### RECORDS SUPPLIED

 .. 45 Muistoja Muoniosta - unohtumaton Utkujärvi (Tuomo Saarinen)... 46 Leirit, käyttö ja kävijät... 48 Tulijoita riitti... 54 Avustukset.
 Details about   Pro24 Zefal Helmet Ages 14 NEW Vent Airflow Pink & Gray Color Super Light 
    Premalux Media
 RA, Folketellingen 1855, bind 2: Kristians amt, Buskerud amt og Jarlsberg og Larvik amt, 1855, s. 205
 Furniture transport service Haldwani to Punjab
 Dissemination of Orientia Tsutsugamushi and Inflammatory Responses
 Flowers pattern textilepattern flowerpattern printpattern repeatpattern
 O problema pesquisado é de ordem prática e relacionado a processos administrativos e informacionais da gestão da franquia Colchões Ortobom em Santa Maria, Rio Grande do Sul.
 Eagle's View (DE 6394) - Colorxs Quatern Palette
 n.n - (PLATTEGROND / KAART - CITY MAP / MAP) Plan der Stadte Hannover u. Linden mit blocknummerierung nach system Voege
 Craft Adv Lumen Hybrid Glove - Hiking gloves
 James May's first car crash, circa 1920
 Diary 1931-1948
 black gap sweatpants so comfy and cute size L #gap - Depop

### PROBLEM TO SOLVE
Word for word, transcribe all of the entries shown above.

### REPLY
 .. 45 Muistoja Muoniosta - unohtumaton Utkujärvi (Tuomo Saarinen)... 46 Leirit, käyttö ja kävijät... 48 Tulijoita riitti... 54 Avustukset.
 Details about   Pro24 Zefal Helmet Ages 14 NEW Vent Airflow Pink & Gray Color Super Light 
    Premalux Media
 RA, Folketellingen 1855, bind 2: Kristians amt, Buskerud amt og Jarlsberg og Larvik amt, 1855, s. 205
 Furniture transport service Haldwani to Punjab
 Dissemination of Orientia Tsutsugamushi and Inflammatory Responses
 Flowers pattern textilepattern flowerpattern printpattern repeatpattern
 O problema pesquisado é de ordem prática e relacionado a processos administrativos e informacionais da gestão da franquia Colchões Ortobom em Santa Maria, Rio Grande do Sul.
 Eagle's View (DE 6394) - Colorxs Quatern Palette
 n.n - (PLATTEGROND / KAART - CITY MAP / MAP) Plan der Stadte Hannover u. Linden mit blocknummerierung nach system Voege
 Craft Adv Lumen Hybrid Glove - Hiking gloves
 James May's first car crash, circa 1920
 Diary 1931-1948
 black gap sweatpants so comfy and cute size L #gap - Depop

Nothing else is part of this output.